Where am I losing performance?
March 13, 2020
On Fri, Mar 13, 2020 at 03:40:11AM +0000, Adnan via Digitalmars-d-learn wrote:
> In my machine the following D code compiled with release flag and LDC performs over 230ms while the similar Go code performs under 120ms.
> 
> string smallestRepr(const string arg) {
> 	import std.format : format;
> 
> 	const repeated = format!"%s%s"(arg, arg);

.format is dog slow, and not exactly something you want to be calling every iteration.  Try instead:

	auto repeated = arg ~ arg;


> 	string result;
> 	result.reserve(arg.length);
> 	result = arg;

This does not do what you think it does.  Assigning to a string is a shallow copy; the call to .reserve is superfluous. In fact, it's triggering another allocation, only to throw it away immediately. Just write:

	auto result = arg;


> 	foreach (i; 1 .. arg.length) {
> 		const slice = repeated[i .. i + arg.length];
> 		if (slice < result)
> 			result = slice;
> 	}
> 	return result;
> }
[...]
> Where am I losing performance?

1) Calling .format -- it's dog slow. Just use ~.

2) Calling .reserve only to throw away the results immediately. Just skip it.

I doubt your AA is the performance bottleneck here.

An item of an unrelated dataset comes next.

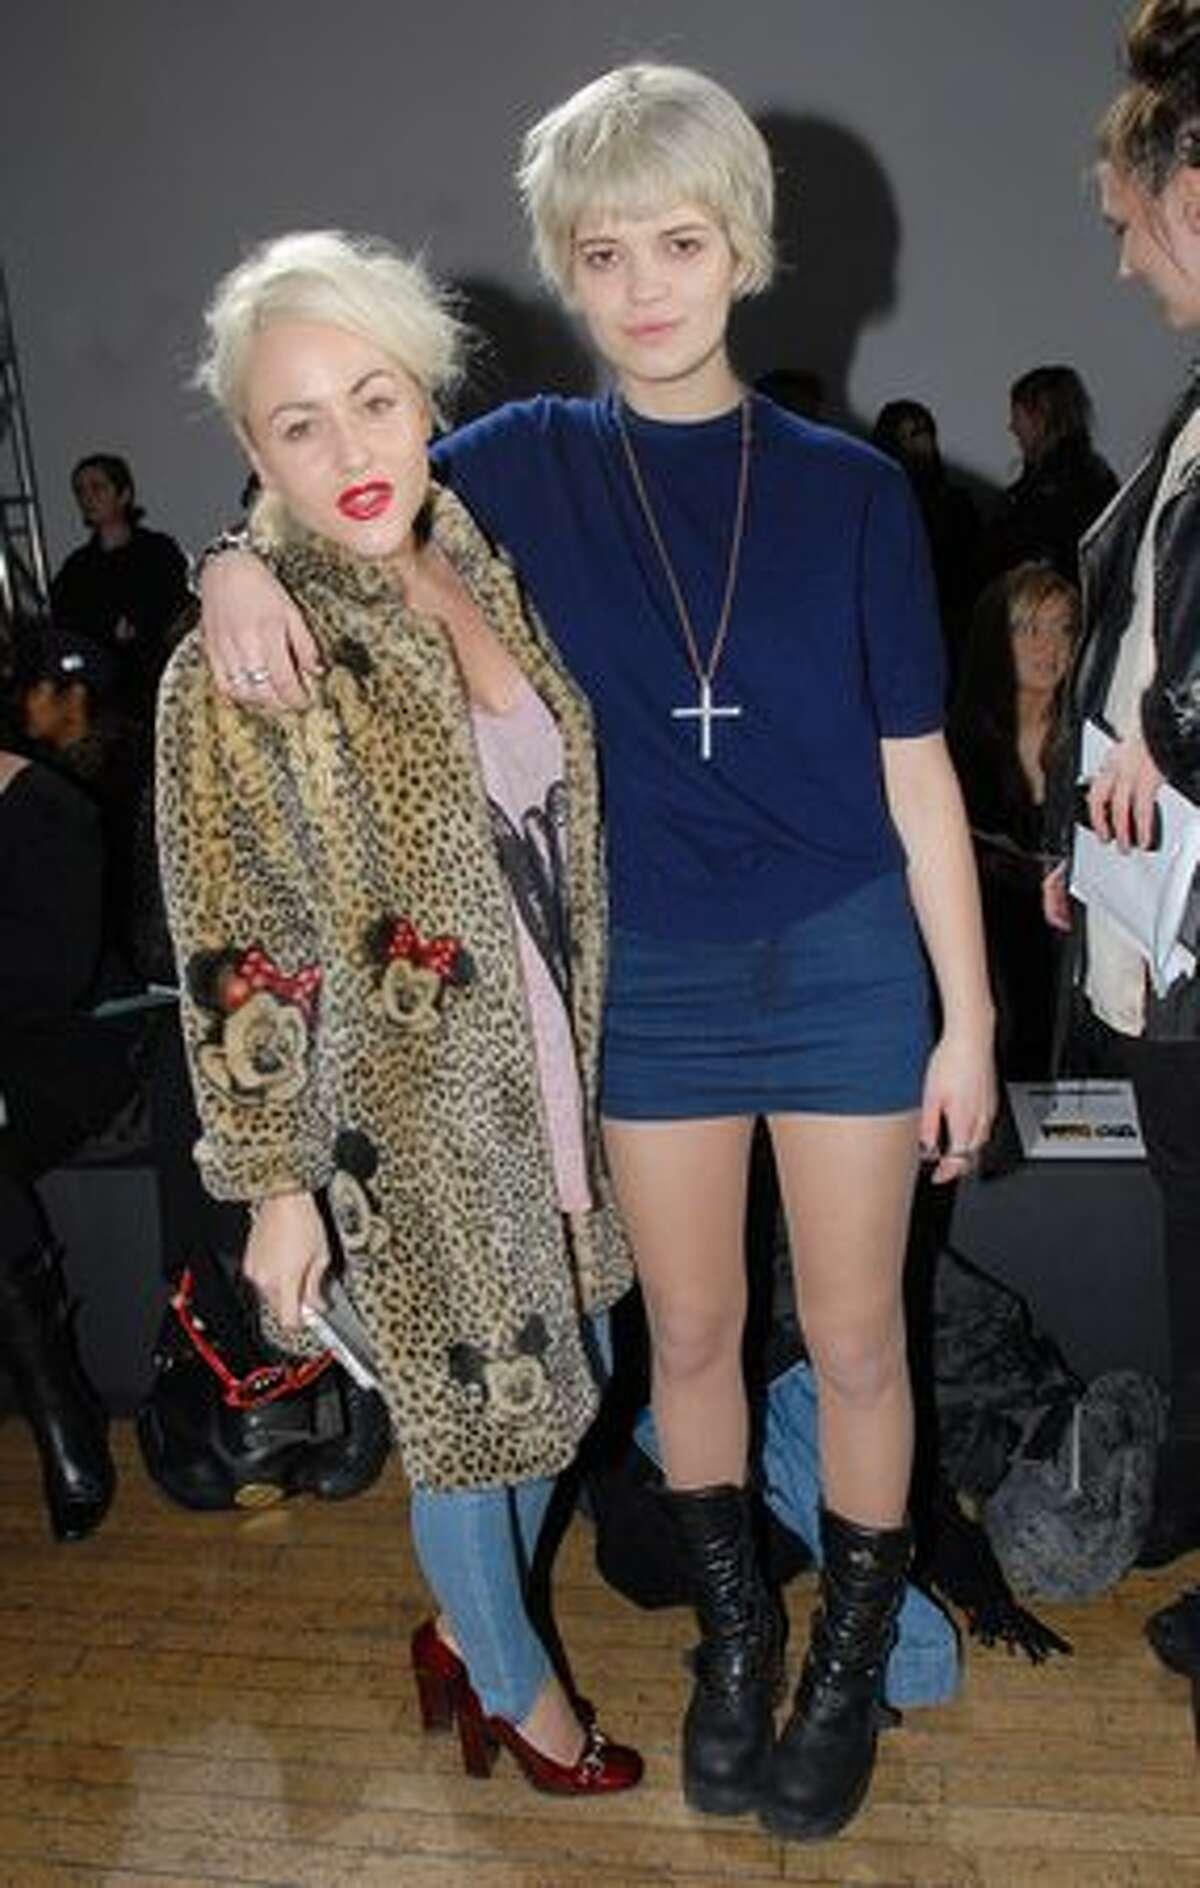 Jaime Winstone (L) and Pixie Geldof attend the Felder & Felder catwalk show as part of London Fashion Week in London, England.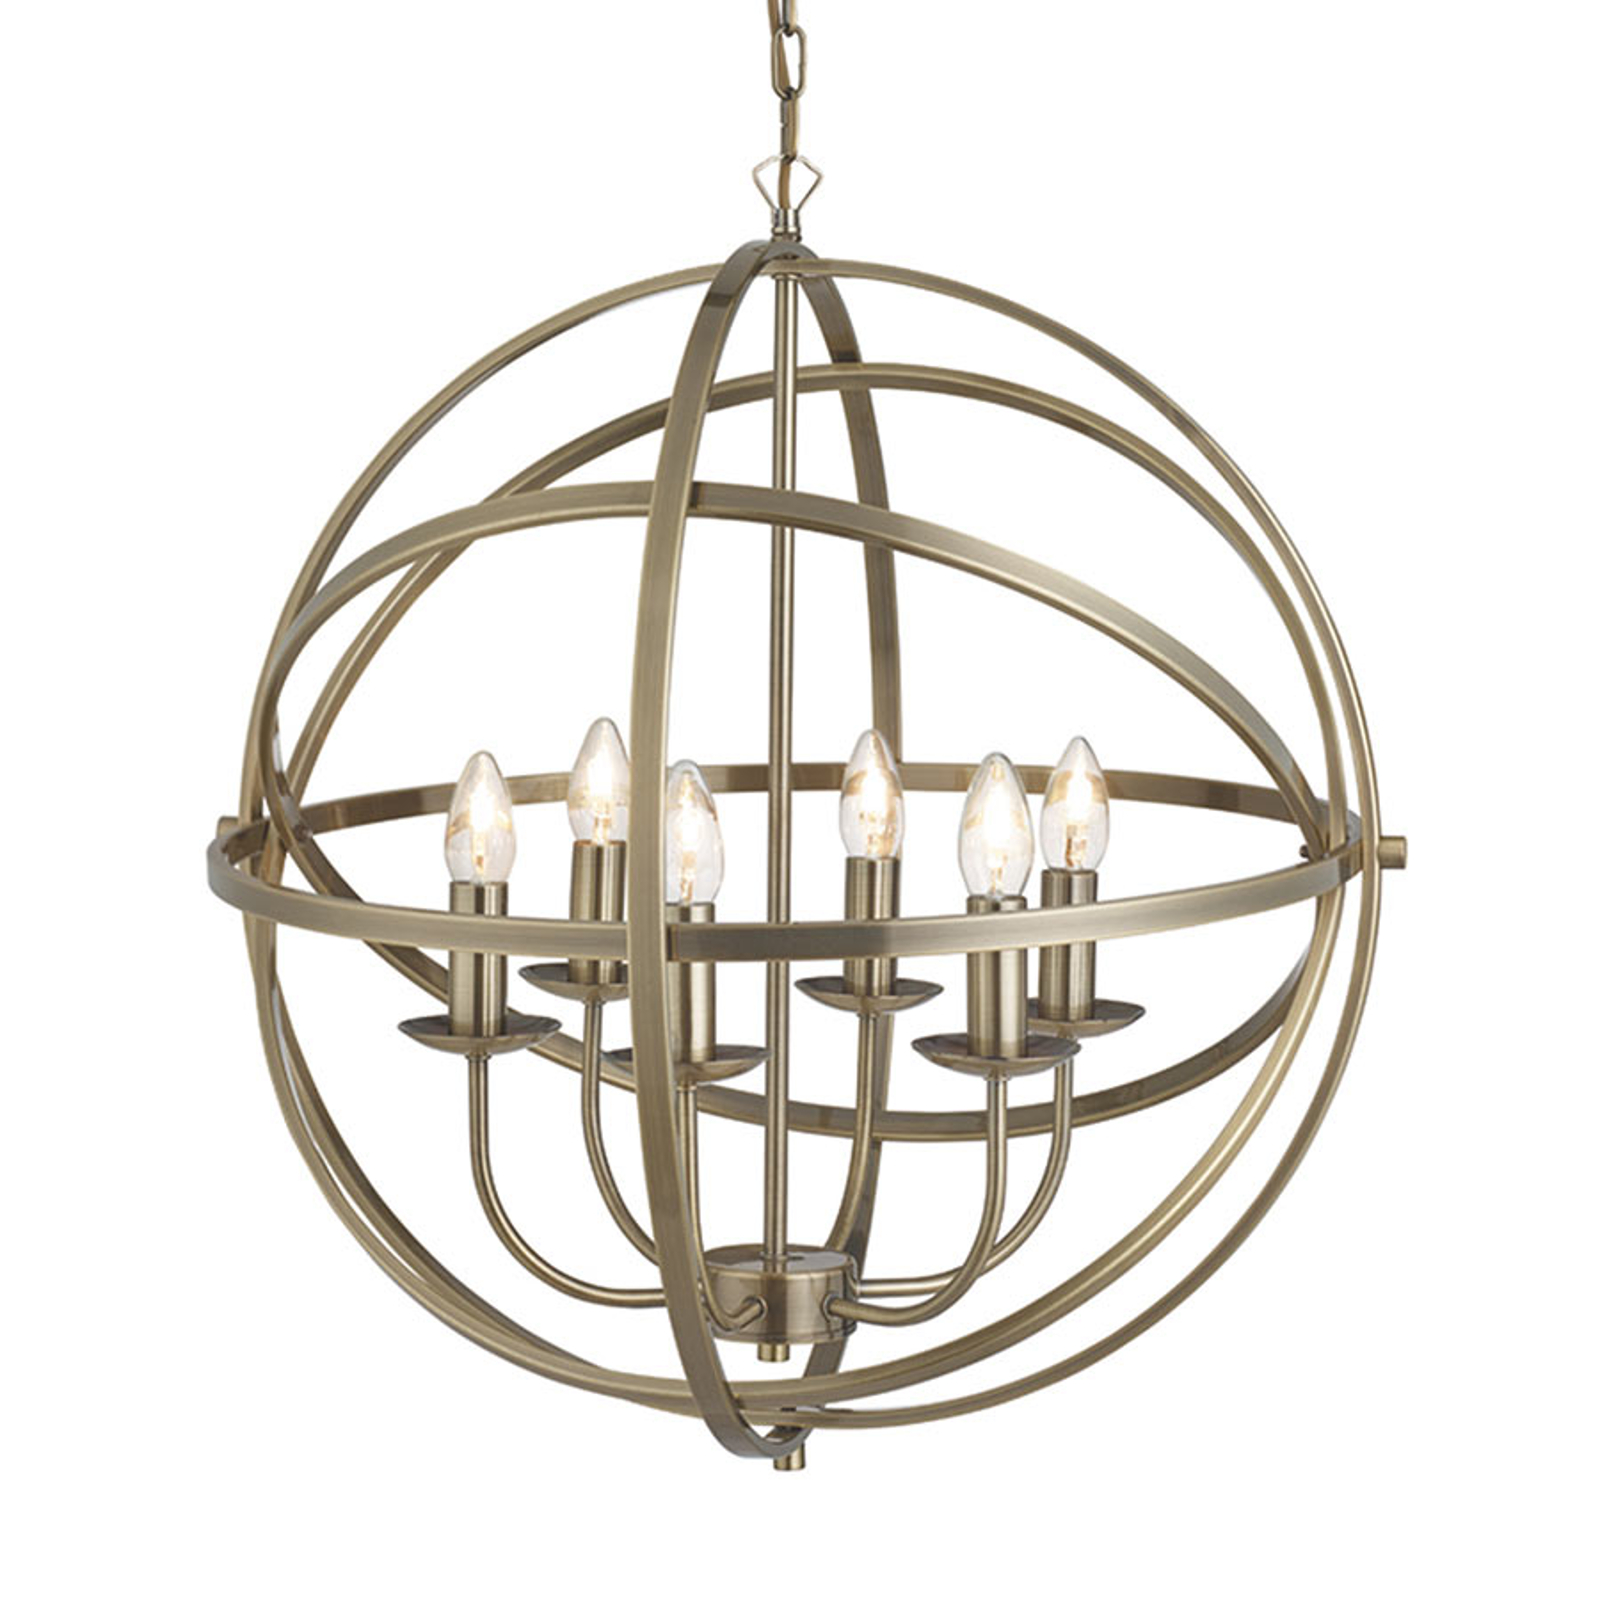 Acquista Aggraziata lampada a sosp Orbit design a gabbia

Try the following implementation of .smallestRepr that avoids (1) and
(2):

	string smallestRepr(const string arg) {
		auto repeated = arg ~ arg;
		string result = arg;
		foreach (i; 1 .. arg.length) {
			const slice = repeated[i .. i + arg.length];
			if (slice < result)
				result = slice;
		}
		return result;
	}

Note that `arg ~ arg` may allocate, but it also may not if the current buffer for `arg` is big enough to accomodate both. So you might actually save on some allocations here, that you lose out from calling .format.

On my machine, a quick benchmark shows a 2x performance boost.


T

-- 
That's not a bug; that's a feature!
March 13, 2020
On Friday, 13 March 2020 at 03:40:11 UTC, Adnan wrote:
> Where am I losing performance?

It is nonsensical to say without measuring. Humans are notoriously bad at predicting performance issues. Wrap all your hardworking code into a loop with like 100 iterations, compile and run:

$ perf record -g ./app file.txt && perf report

Measure dmd debug build first, then ldc2 -release -O.

Besides what H. S. Teoh said, these things help:

- disable GC before doing the job and enable it afterwards
- use .byLineCopy instead of lines(), it's faster
- use .byKeyValue when printing the results, it's lazy and returns both key and value

90ms after vs 215ms before

March 13, 2020
On 3/13/20 5:24 AM, H. S. Teoh wrote:
> Note that `arg ~ arg` may allocate, but it also may not if the current
> buffer for `arg` is big enough to accomodate both.

That always allocates. Only appending may avoid allocation:

arg ~= arg;

But, I would instead use ranges if possible to avoid all allocations.

-Steve
March 13, 2020
On Fri, Mar 13, 2020 at 09:30:16AM -0400, Steven Schveighoffer via Digitalmars-d-learn wrote:
> On 3/13/20 5:24 AM, H. S. Teoh wrote:
> > Note that `arg ~ arg` may allocate, but it also may not if the current buffer for `arg` is big enough to accomodate both.
> 
> That always allocates. Only appending may avoid allocation:
> 
> arg ~= arg;

Ah I see.  Mea culpa.


> But, I would instead use ranges if possible to avoid all allocations.
[...]

Initially I thought about avoiding all allocations, but I realized that no matter what, you need to allocate the key for the AA anyway, so I didn't go that route.  That said, though, we could probably reduce the number of allocations by various means, such as having the function return char[] instead of string, and calling .idup on-demand as opposed to allocating up-front. This would allow us to reuse a static buffer for `repeated` instead of incurring an allocation each time.  Given what the algorithm is doing, this should save some number of allocations if done correctly.


T

-- 
Creativity is not an excuse for sloppiness.